|
Commentary September 25, 2001 Report of ATypI 2001 (by Luc Devroye) |
|
¶
Before I describe the talks and events I attended,
permit me to whine a bit about
the conference fees, something I do every year. The conference
fees, which amount to about 1,000 Canadian dollars, are just
too outrageous. It is clear that this income is used
to pay several salaries at ATypI headquarters.
But more importantly, the steep fees keep many
interesting people from attending. This year, the
attendance from the USA was abysmal, but this was in part due
to the World Trade Center disaster on September 11.
There was a large attendance from Denmark, followed by
strong showings of the neighboring North European
countries. However, the rest of the world was all
but absent. The conference organizers pay the speakers'
expenses, while the rank and file have to support their
own travel and fork over the big conference fees.

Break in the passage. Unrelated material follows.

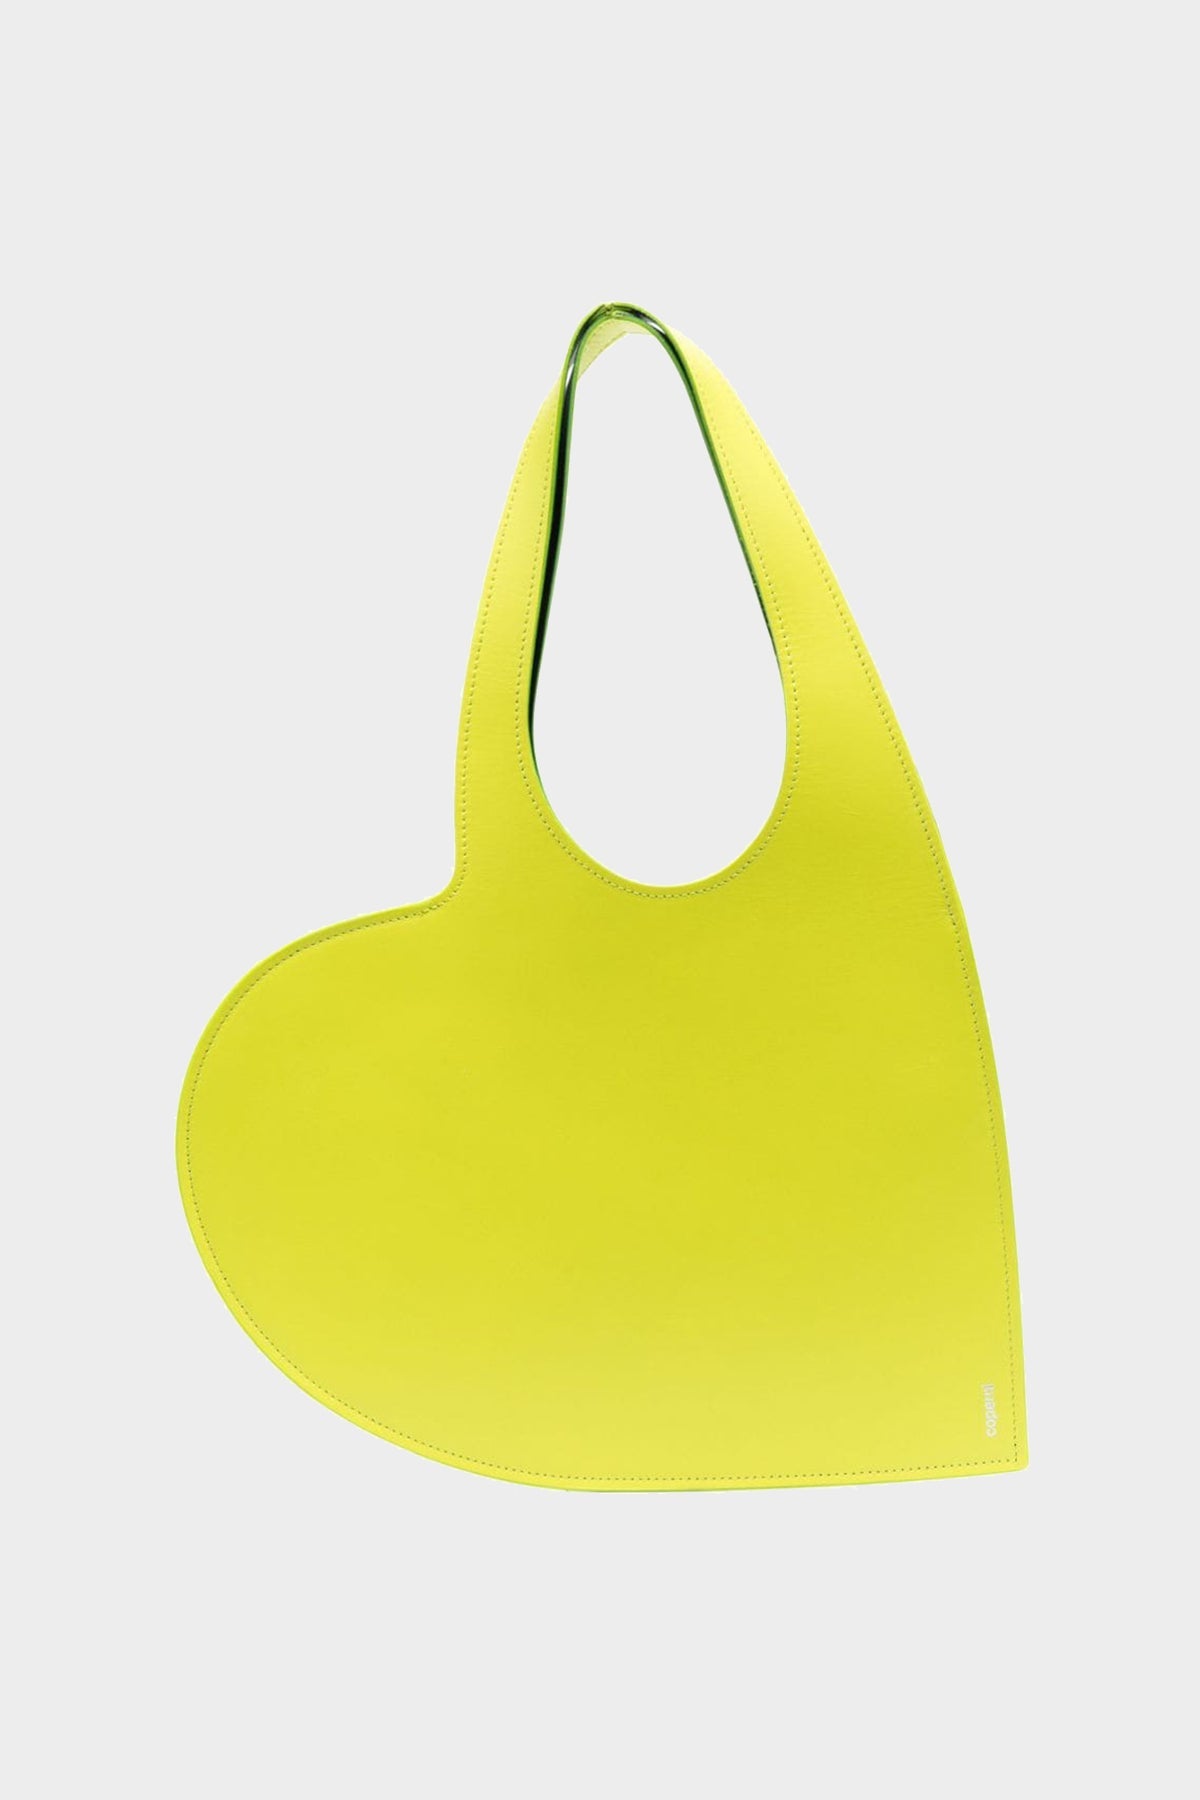 Mini Heart Tote Bag in Lime - shop-olivia.com

I propose that it should be the
other way around, modeled after a common
practice in many science and engineering meetings.
The speakers should not be supported at all (the
invitation itself is an honor and a recognition),
while there is ample financial support towards the travel,
hotel and conferences fees of
young students or fresh graduates.
¶
As usual, the attendees received a lot of handouts, catalogs,
and posters.
There were beautiful fonts by Danish typographers on display
at the meeting, covering the major Danish foundries
such as e-types (Jonas Hecksher, Jens Kajus)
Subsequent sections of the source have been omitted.